I think this could be incredibly powerful as a native feature:

  • “Compare Across Activities” — select a workout name pattern, pick a label, see a trend chart at interval granularity
  • Label templates in workouts — define semantic labels (“Set1 SweetSpot”, “Recovery”) in the workout builder that auto-apply on recording
  • Interval-level progression charts — a mini fitness chart scoped to a specific block type

For the Dev-Curious

Retroactive labeling works perfectly via the API — the stream data is already there, you’re just telling Intervals.icu how to slice it. Happy to share code snippets and more detailed methodology if there’s interest.


Has anyone else tried systematic interval comparison across workouts? Curious to hear other approaches, and whether this kind of feature would be useful to you.

Context: indoor trainer, FTP ~220W, structured training since mid-2023

1 Like

I tag my activities accordingly and can then easily find them on the compare activity page. I want to compare the entire activity, i.e., how I performed in all intervals, not just a single interval of an activity, which works relatively well.

Right — the Compare Activity page is great for whole-activity comparison. What I’m describing goes one level deeper: comparing a specific labeled interval (e.g., “Set2 95rpm”) across multiple activities over time.

For instance, in a Cadence Variation workout with 6 different blocks, I don’t care about the warmup or cooldown drifting — I want to see if my power at 95rpm is improving week over week while HR stays flat. That granularity isn’t available in Compare Activity today.

Do you find that whole-activity comparison gives you enough signal for structured workouts with mixed intensity blocks?

Yes, I completely agree with you that it is difficult to make a comparison at this level at the moment.

Personally, when looking back, I don’t look at individual intervals in detail in comparison with others, but rather consider the overall picture in terms of the activities and circumstances surrounding them.

One more thing: if you select Cadence and Power under Progress, for example, you can at least observe the development across all interval, each dot represents an interval (the small dots are the averages for all intervals):

Thanks for the tip on the Progress view with Cadence + Power dots — I tried to reproduce it but couldn’t find the setting that gives you that interval-level scatter plot. It’s not immediately obvious from the UI, which is already a minor friction point worth noting.

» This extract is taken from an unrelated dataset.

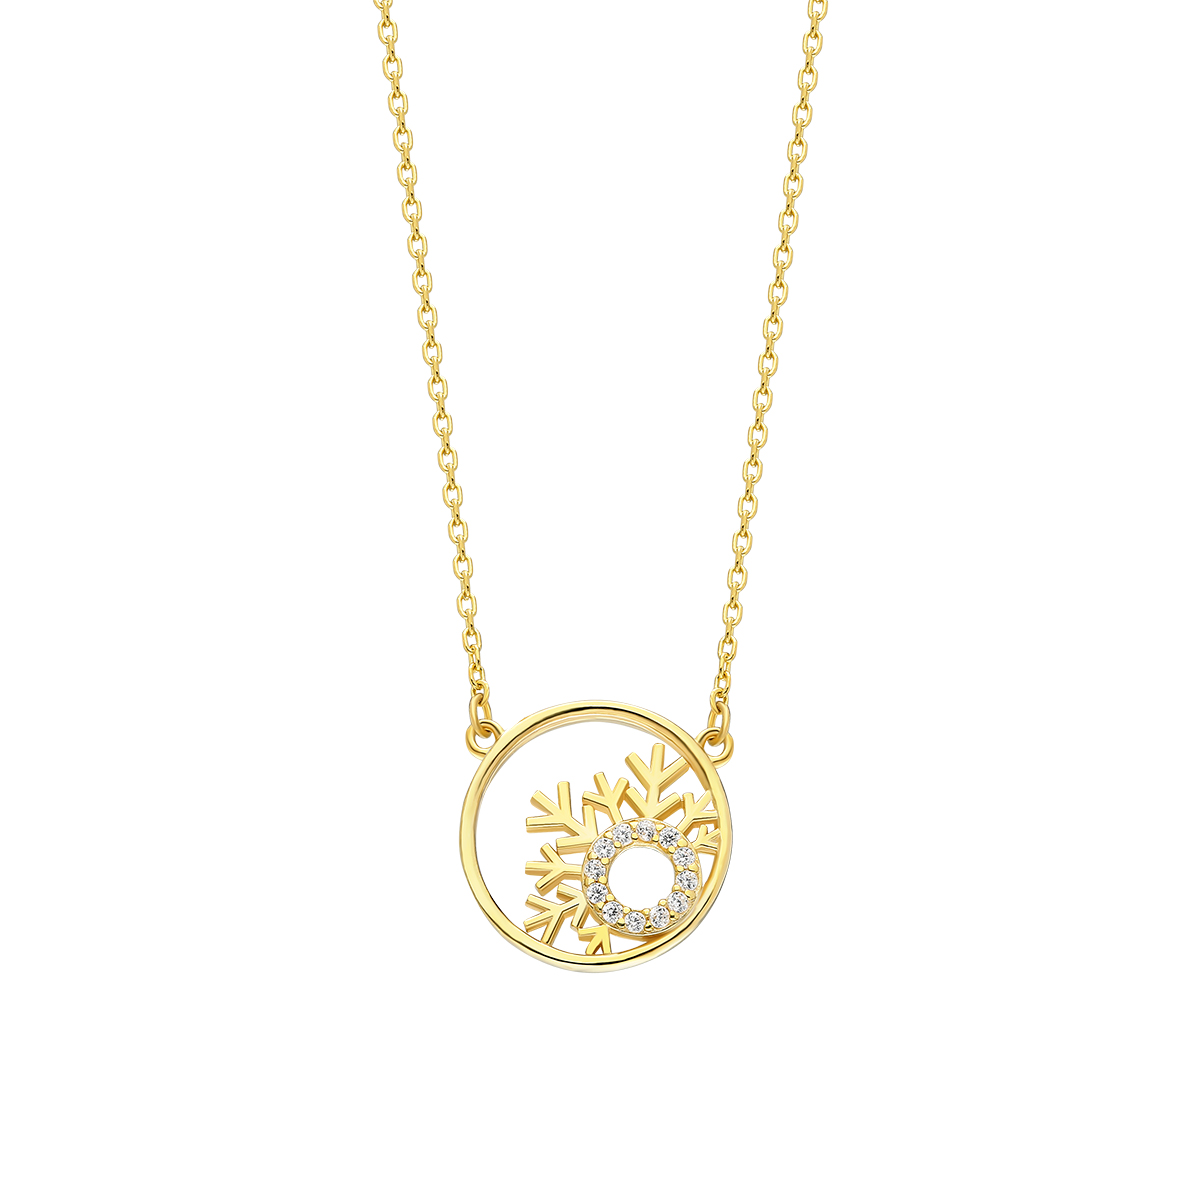 Silver Necklace Snowflake Symbol Special Design 925 Sterling 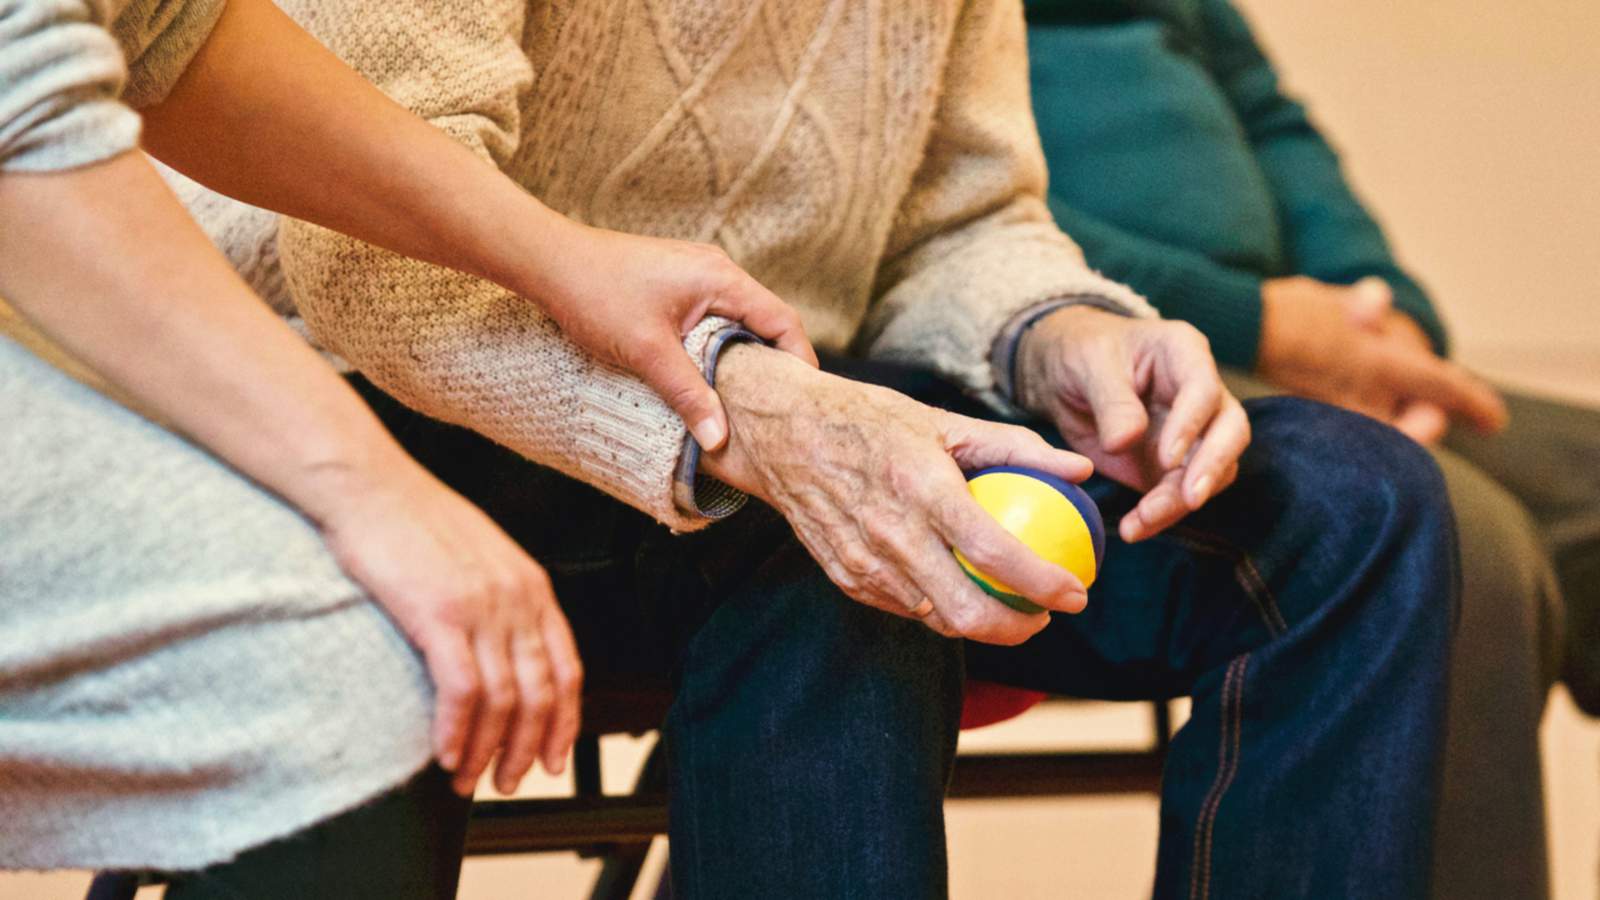 Panel mulls nursing home visits without testing

But even assuming I could reproduce it, I ran a concrete test using the API to compare my two CadenceVariations sessions (Feb 18 vs Feb 25), and it illustrates exactly why the dot view would be insufficient here.

The two sessions had very different internal structures: 36 labeled intervals in S081, 15 in S082. In a Progress scatter plot, all those points would land in the same cloud with no way to distinguish “Set1 95rpm” from “Set3 105rpm” from the warmup. You’d be looking at 51 mixed dots — different target cadences, different block durations (some blocks went from 119s to 180s between sessions), different physiological intents.

The only blocks I could meaningfully compare across both sessions were the ones sharing the same label. For “Set1 95rpm” specifically:

  • Power: 156W → 156W (stable)
  • Avg HR: 104 → 100 bpm (−3.8% — cardiac efficiency improving)
  • Decoupling: 3.82% → 2.12% (−44% — solid aerobic adaptation signal)

Those trends are real and actionable. But they’d be invisible in a global scatter, drowned out by the structural noise between sessions.

This is why I think label-scoped comparison needs to be a first-class feature — not a workaround through a whole-activity view. The signal is there in the data, it just needs the right filter to surface it.